The 5-year-old has since been transported to a Portland hospital for "extensive" burns on her legs and feet, while the 3-year-old was treated for smoke inhalation at a local hospital. The 3-year-old is expected to be on oxygen the remainder of the day. No additional details were available on the 5-year-old, but the outlook looks "positive," Cano said. The two other children and both adults have all been discharged.
All six people who were rescued lived in the apartment next to Johnson's apartment, where the fire started.
Firefighters performed multiple searches of Johnson's apartment but could not find anyone. It was later determined she had been the one who was struck on South Pacific Highway.
David Robles, who lives near the burned apartment in a separate unit, was sleeping when he awoke to a man screaming for help.
"(I) came to my window, which is right next door, underneath," Robles said. "I thought it was someone having a scuffle out here or something."
What was happening was quickly made apparent, however, as Robles could suddenly see the glow from the flames billowing out of the structure. Robles and his three roommates fled their apartment safely, along with his dog.
"It was about 30 seconds between the time where I woke up, got everyone out of the house," Robles said. "Thirty seconds or a minute, not even. And the flames were already raging out of the window. It was already really, really bad."
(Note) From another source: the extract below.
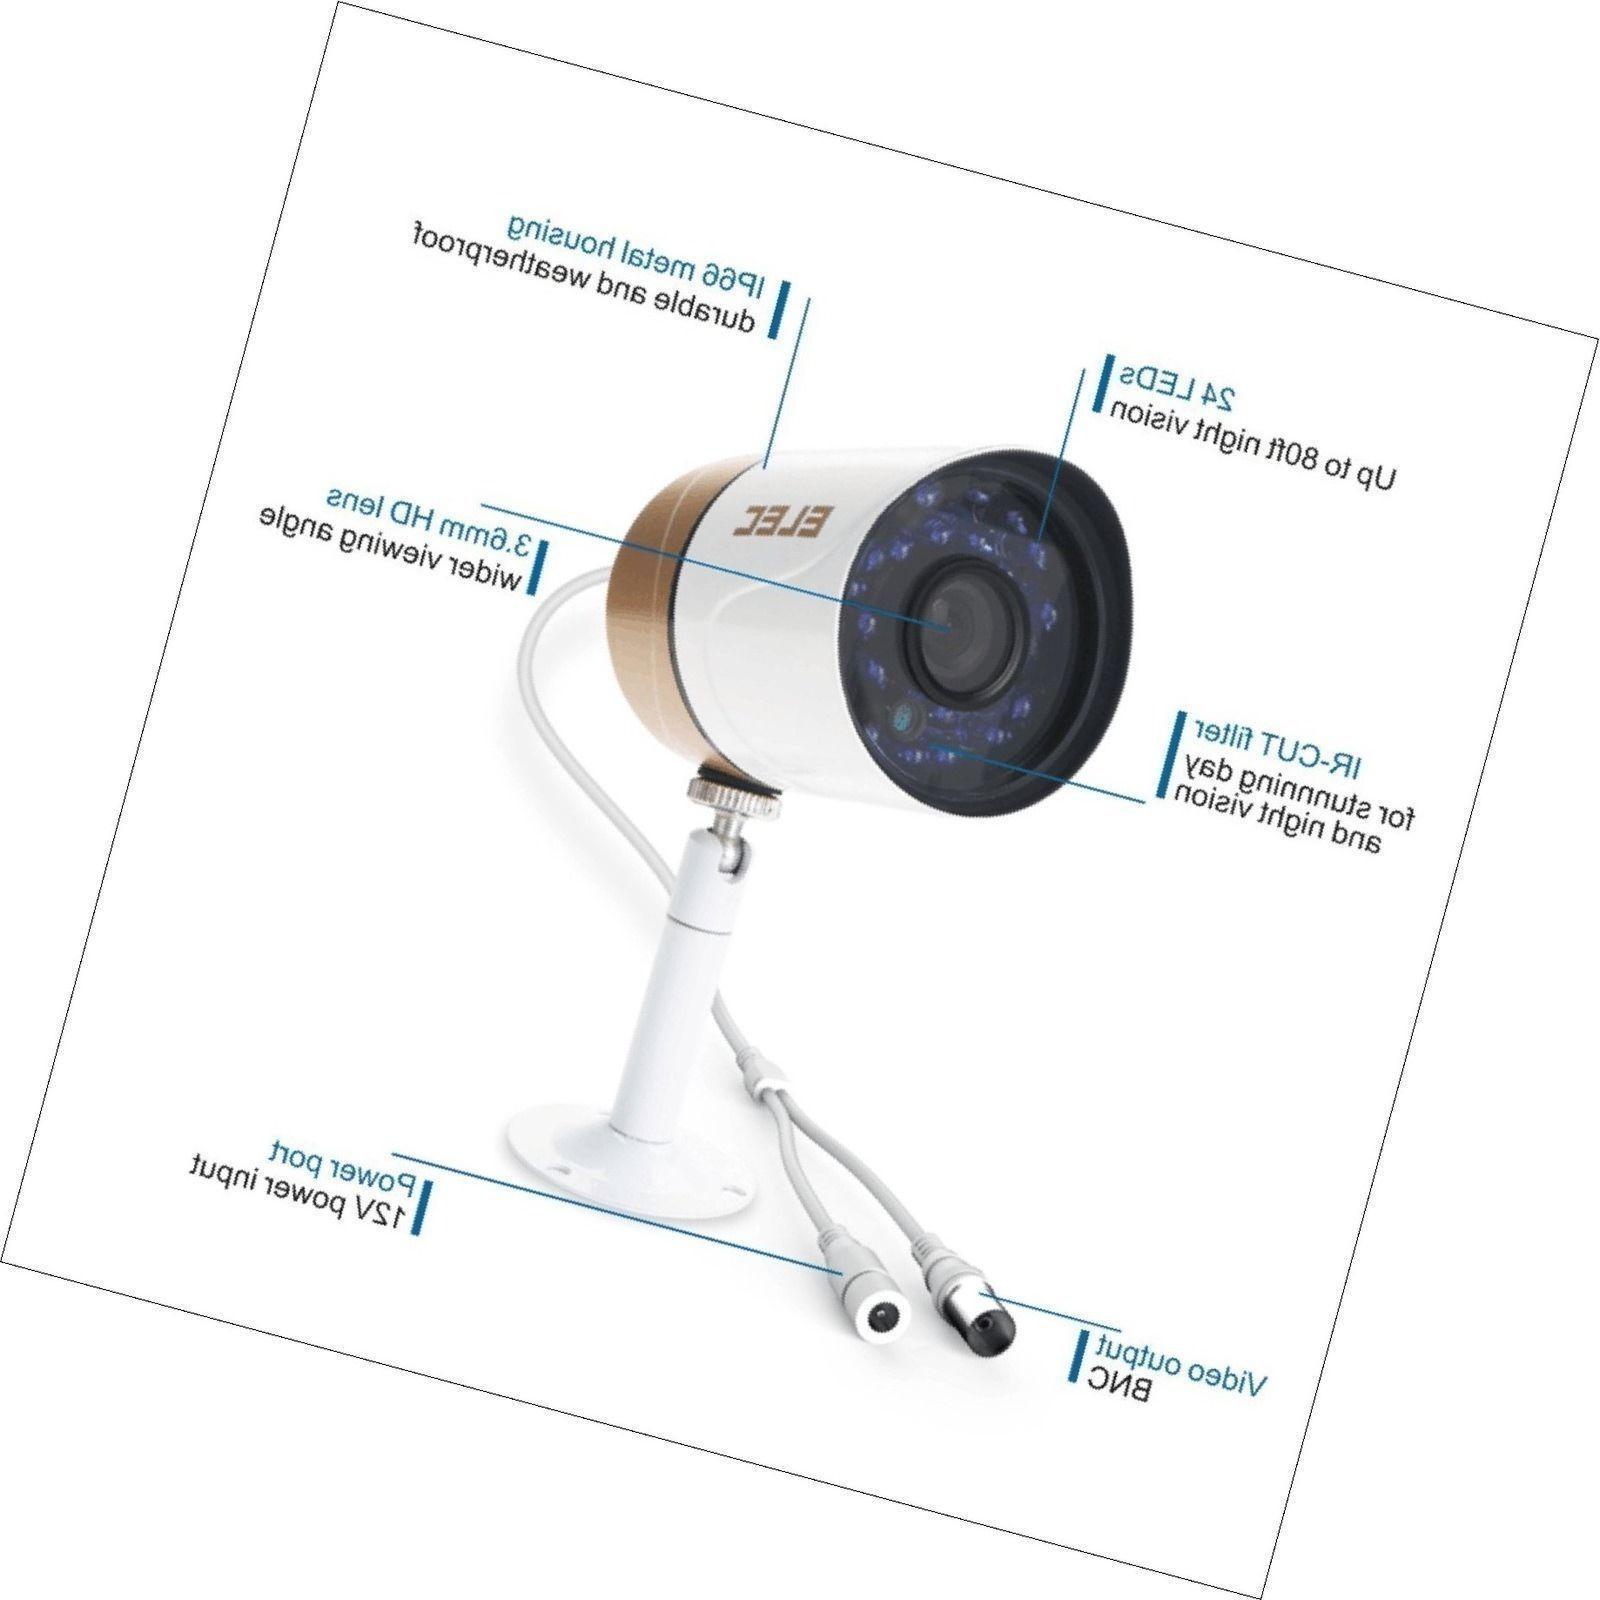 Security Camera 1/4 1080P Outdoor Indoor Home Surveillance New

Additional engines arrived from Medford Fire-Rescue, Jackson County Fire District 3, Jackson County Fire District 5 and Jacksonville Fire, Cano said. Crews had the flames knocked down within 20 minutes. Most of the fire was contained to Johnson's apartment, though the second unit where the six people were sustained some smoke and fire damage.
Numerous engines from responding agencies parked on the stretch of East Barnett Road between Ellendale Drive and Black Oak Drive during the response, with the road closed to traffic, though it was back open by about 9:30 a.m.
Power crews shut off electricity to the four-unit building. The building had to be evacuated, but a Rogue Valley Transportation District bus was on scene, available for anyone who wanted to keep warm in the chilly dawn hours. The American Red Cross was also contacted to help assist the displaced residents.
The fire's cause is not yet known, but fire investigators from the city's fire marshal division are on scene trying to pin that down.